В ней на самом деле не было ничего особого, в этой Лене. Его ровесница – около тридцати или чуть младше, светловолосая, одета прилично. Помада не такая яркая, как показалось сначала. Смотрит с иронией, снисходительно – бывают такие дамочки.
– Николай.
– Да знаю, знаю.
– Леночка. Куда же я должен идти по-вашему? – Этой интонации научился еще у одного институтского приятеля: такое уменьшительное, такое ласкательное, а в добавок не по возрасту «вы» замечательно ставило на место зарывающихся дамочек. Нет, он не растерялся. Он прекрасно понимал, на что намекает Лена, у него не получалось забыть, почему и к кому он ехал в нетрезвой маршрутке, но старался не понимать. Или хотя бы сделать вид, что не понимает.
– Куда идете всегда, – ответила, не поворачиваясь к нему, так, словно едва сдерживала смех.
Она имела в виду Нору. Она знала. У Николая было странное и гадкое ощущение, что посторонние увидели самые интимные его сны и говорили о них как о реальности, всё разглядев и всё зная о нем. Выпуская его сны в дневной мир.
– А то всё через медитативные состояния. Сколько можно-то? Кому они нужны, господи ты боже, свинчиваете себе мозги… Автогенным тренингом, что ли, занимался?
– Зачем оно мне? – ответил фальшиво.
Не занимался он ничем. Только эта маршрутка… в чем смысл этой дороги, хотел спросить. Не спросил.
Пробираться через лесок, вроде и не густой, становилось все сложнее – колючие кустарники, сломанные ветки преграждали путь, и он вынужден был смотреть под ноги, но Лена шла рядом, прямо и уверенно, словно не проваливались каблуки в землю.
– Значит, за компьютером целый день сидишь?
– Работа такая…
– А, работа… Работа – это святое. Тогда ясно. А я там работаю, – объяснила Леночка и махнула рукой вперед.
– Прямо-таки работаешь! – Николай нечаянно перешел на ты. Он слабо себе представлял, как там можно работать. Подумал, что, возможно, еще не проснулся в маршрутке, даже подумал грешным делом, что водитель так и не успел затормозить перед «пятеркой», но царапали живую кожу острые ветки, и он знал, о чем говорит Леночка, – о доме его Норы. – Кем работаешь там?

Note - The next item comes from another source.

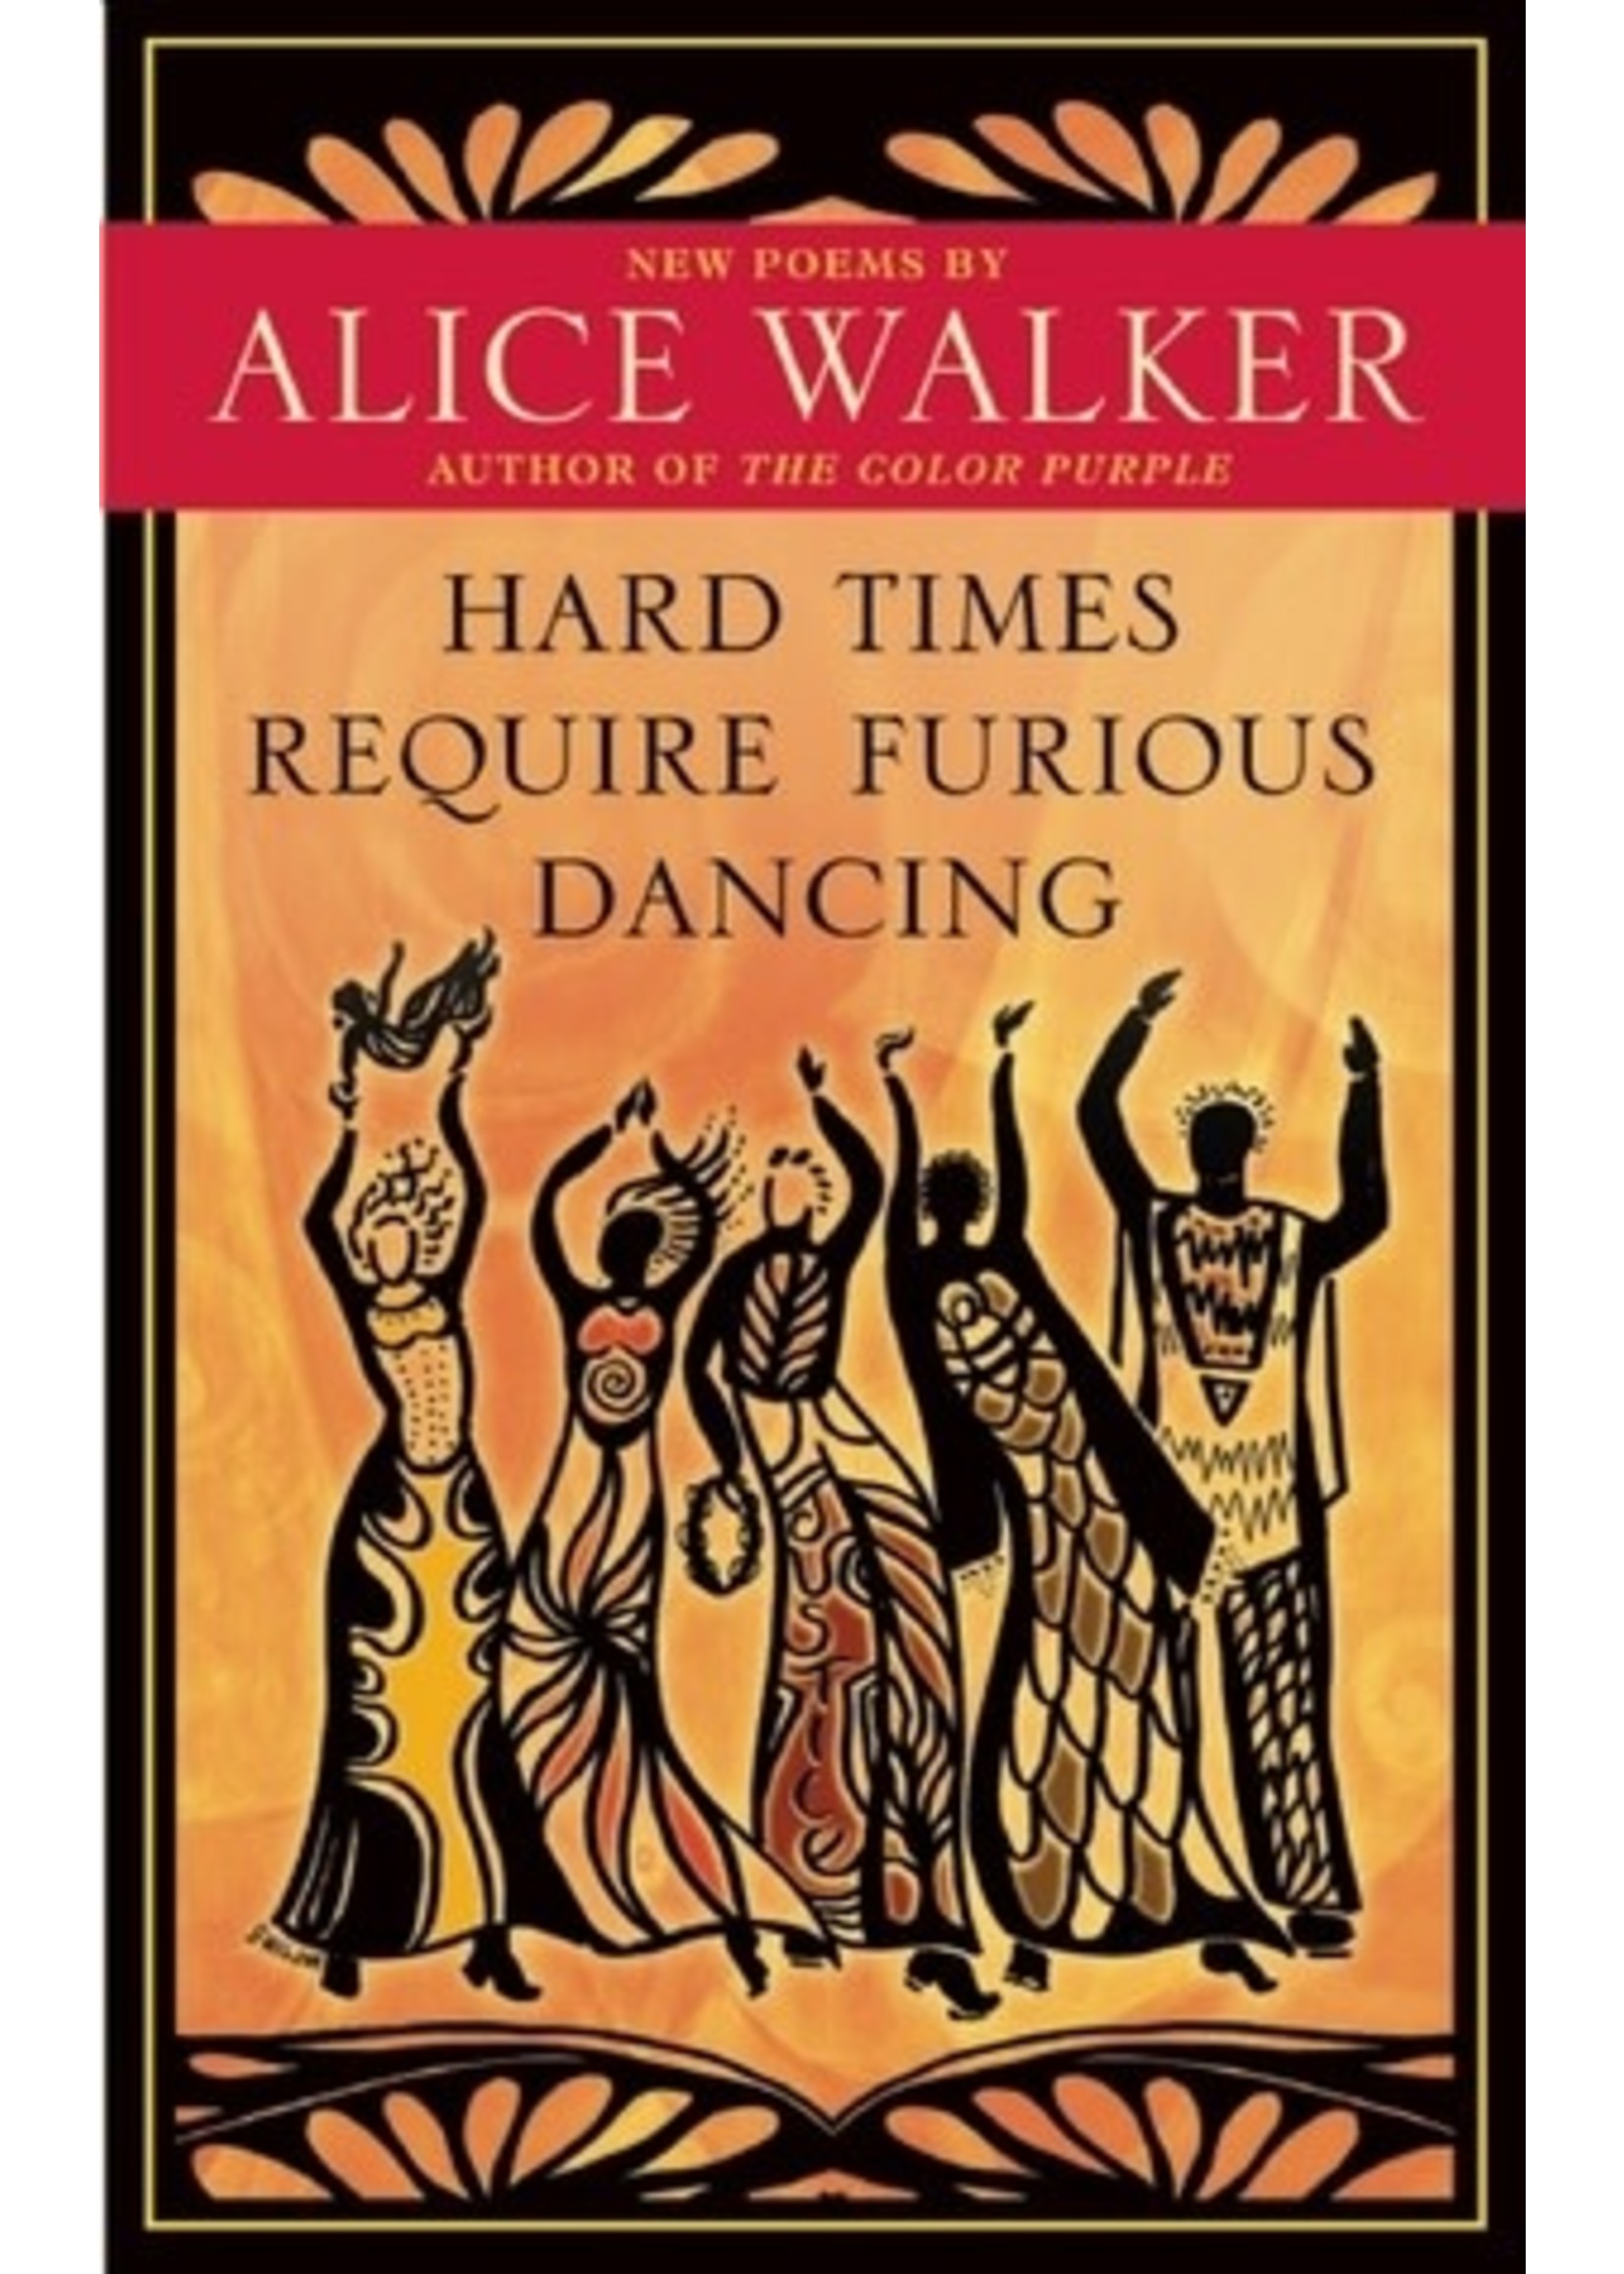 Hard Times Require Furious Dancing : New Poems by Alice Walker
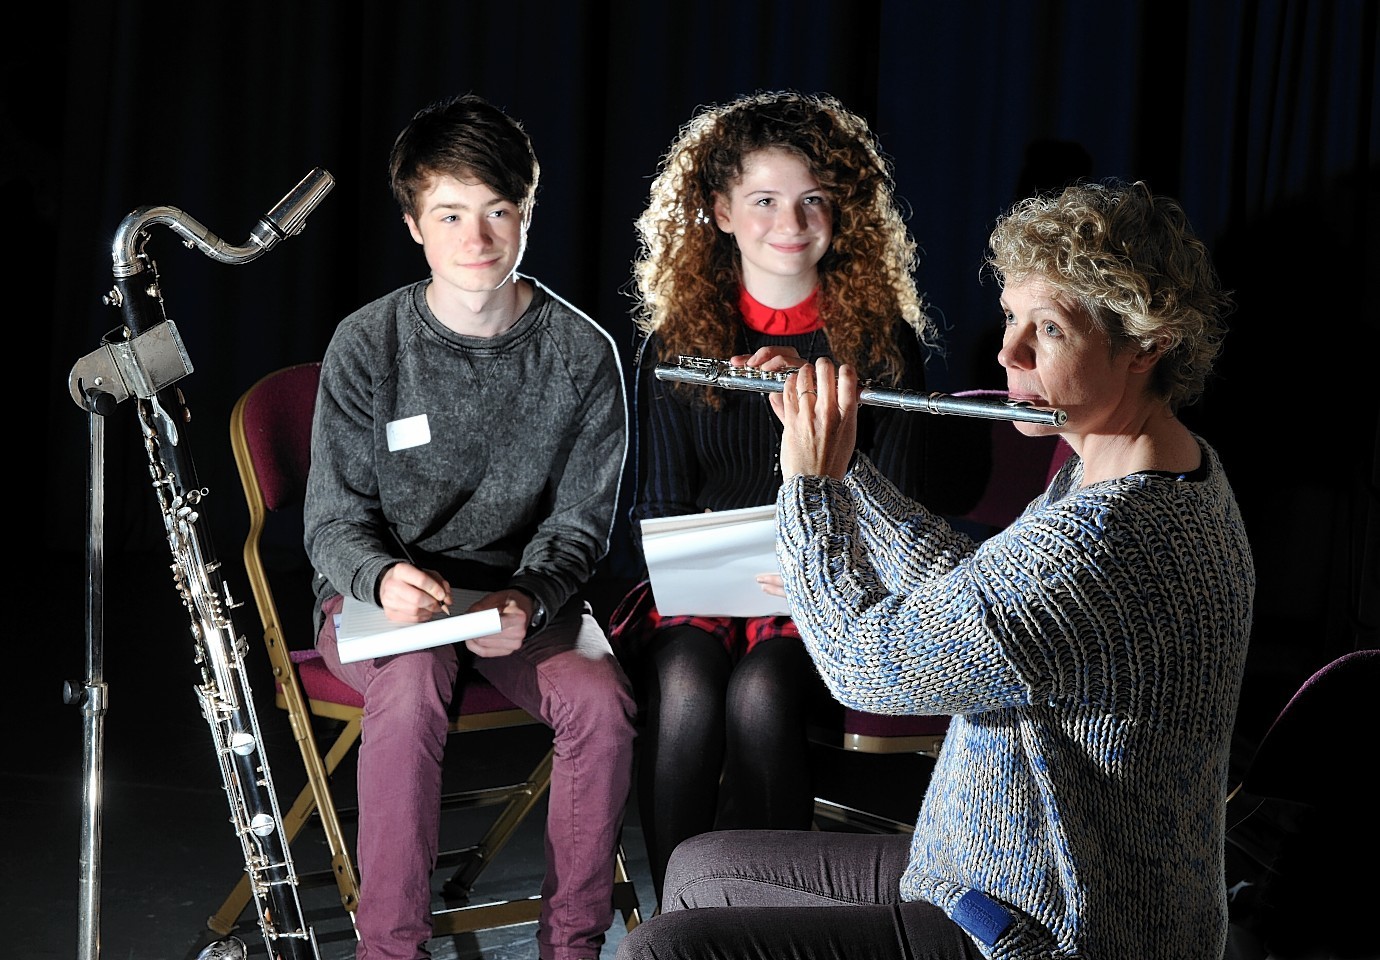 Isaac Barnes and Zakia Fawcett listening to professional musician Ruth Morley at a workshop at Woodend Barn. Youngsters from across the north-east are learning how to compose music as part of the Sound Festival.

– Что-то вроде администратора. Но на самом деле всех обезьян на меня навешивают, – пожала плечами, – ничего, если честно, мне нравится даже. Ты тоже у меня в журнале расписываться будешь. Я тебя пускала, конечно, но только потому, что на тебя никакой реакции, никакого отторжения, а вообще это не в порядке вещей. Вообще, странно такое отсутствие реакции на чужого… То ли большая любовь, то ли синдром иммунодефицита.
– Что? – переспросил, закашлявшись, но Леночка захохотала:
– Да ладно! Пошутить нельзя, – и тут же продолжила о своем, о работе: – Искали кого-то с медицинским образованием. И с мозгами. А я участковой два года отбегала – и решила – всё, хватит с меня. Это не жизнь… Лифты в домах не работают – побегай так… то на седьмой, то на девятый. Здесь намного приятнее и платят больше. Ну вот, почти дошли.
Она указала рукой, но Николай ничего не увидел – кажется, лесок прерывался, однако никакого здания не было заметно (а было ли там здание? Когда-то Нора сказала, что у ее дома нет ни начала, ни конца, ни дверей… Никогда не видел снаружи).
– Знаете что, Леночка, – теперь он твердо перешел на вы и решил, что они так и останутся на вы. – Сегодня я, пожалуй, уже не хочу туда идти. Теперь я дорогу знаю, я вернусь завтра.
– Как хотите, – приняла его «вы», что сделало ее серьезнее, если не считать особого едкого ударения, которым выделила «хотите»… Знала, знала, чего он хочет, и знала, что сама ему и мешает, из-за нее он не идет дальше.
– Тогда до свидания, Лена.
– Дорогу найдете-то? Без меня?
– Найду, – он не стал спрашивать, куда вызывать такси, и не сразу понял, что она имеет в виду дорогу – сюда. Нет, он не собирался возвращаться, и сегодняшняя неудача – очень, очень кстати. Завтра будет другой день, не такой день, когда срываются, – такой, когда живут и не помнят и живут дальше.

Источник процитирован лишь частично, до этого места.